Provost Hexter to Step Down

Ralph Hexter, provost at UC Davis

Ralph J. Hexter, provost and executive vice chancellor since 2011, and acting and then interim chancellor for 15 months in 2016–17, will leave his administrative post at the end of the 2019–20 academic year after almost 10 years in Mrak Hall.

“To me, that seems sufficient, and periodic renewal in every position is an essential element of institutional growth,” Hexter said. He plans a renewal of his own, in classics and comparative literature, as a scholar and teacher at UC Davis.

Chancellor Gary S. May described Hexter as “an extraordinary leader — professorial yet approachable, traditional yet forward-looking, focused on the institution yet global in his thinking. He demonstrates wisdom and compassion on a regular basis, and always has sage advice.”

The chancellor praised Hexter for helping lead the university’s growth over the last several years — in enrollment, faculty positions and infrastructure.

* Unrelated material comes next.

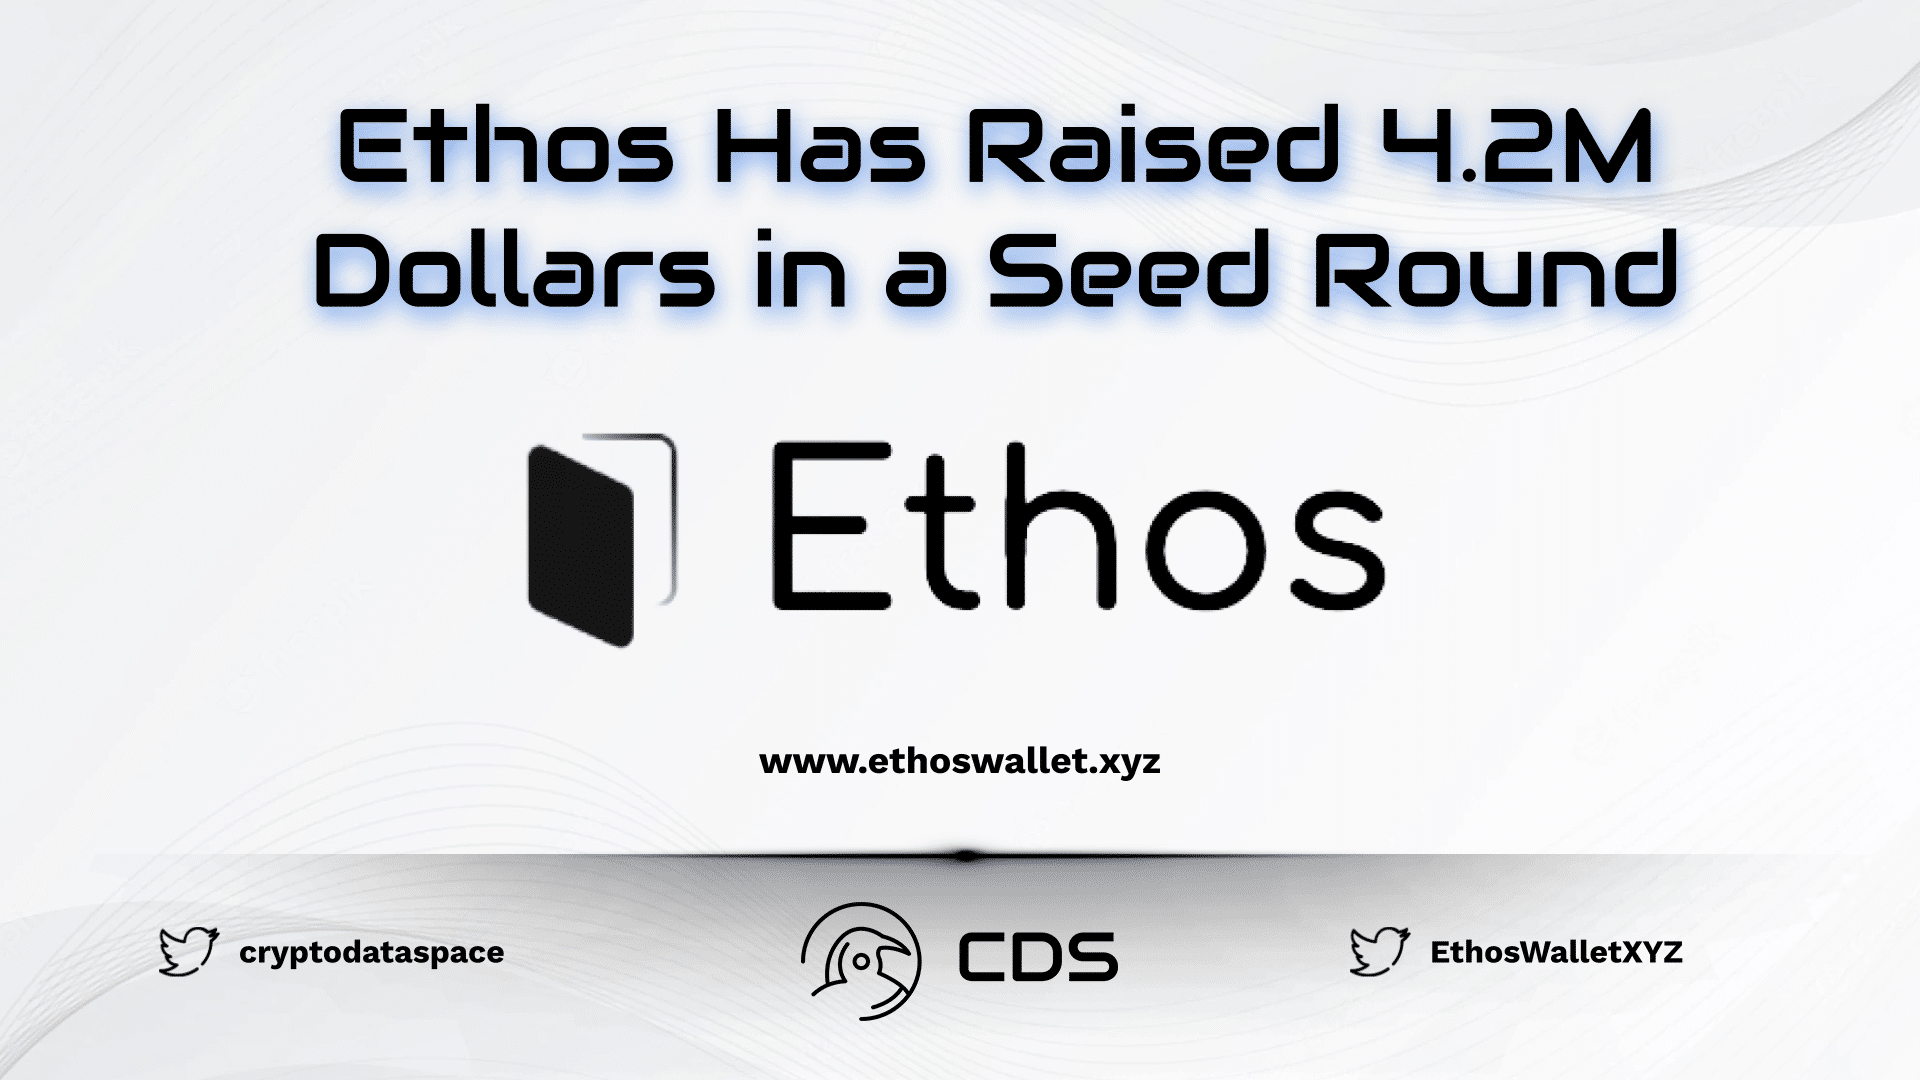 Ethos Has Raised 4.2M Dollars in a Seed Round

In addition, he took on oversight of the new Office of Enrollment Management, which, among other responsibilities, focuses on diversity among new students.

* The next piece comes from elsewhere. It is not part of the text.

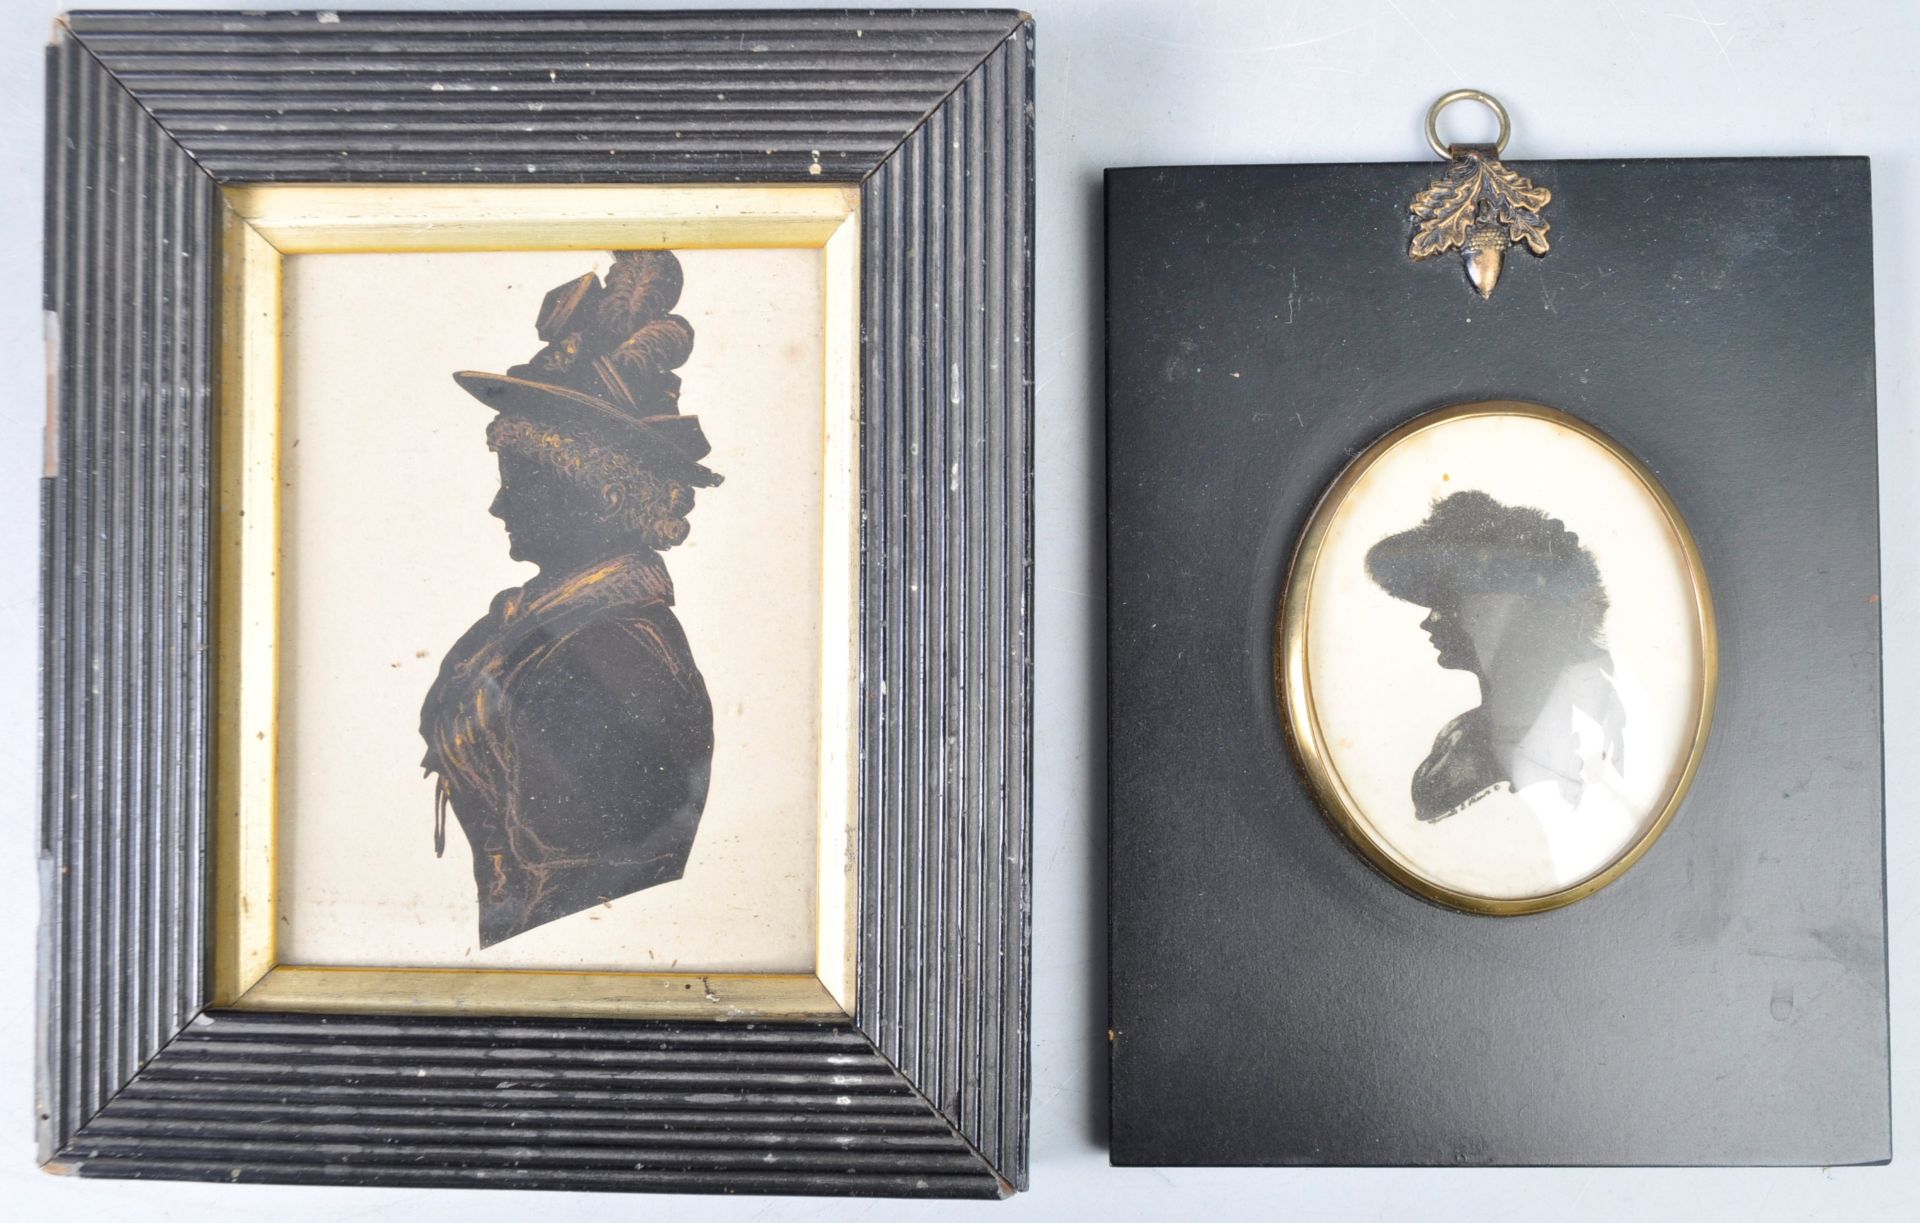 COLLECTION OF ENGLISH ANTIQUE PORTRAIT MINIATURES - Image 3 of 4

As acting and then interim chancellor in 2016 and 2017, Hexter guided UC Davis not only through a change in administrations, but also through the beginning of the national debate over free speech as opposition grew over appearances by controversial speakers such as Milo Yiannopoulos, even at institutions of higher learning (including UC Davis) that have long been bastions for the free expression of ideas.

“In these contentious times, it is more than ever crucial that we improve our capacity to conduct debates and dialogue — that is, if we want our university to be a true community, and also a true scholarly community, one that fearlessly pursues truth by critically engaging with the broadest range of ideas,” Hexter said in his Fall Convocation address in 2016.

A member of the American Academy of Arts and Sciences, Hexter said he is eager to return to the faculty. “Since fall 1990, there have been only two months when I did not also have a major administrative job in one institution or another,” he said.

At UC Berkeley, he served as a department chair, divisional dean and executive dean in the College of Letters and Science. In between Berkeley and Davis, he was president of Hampshire College in Massachusetts. Upon his appointment there in 2005, he was one of the few openly gay presidents in higher education in the nation; five years later he was a founding member of LGBTQ Presidents in Higher Education.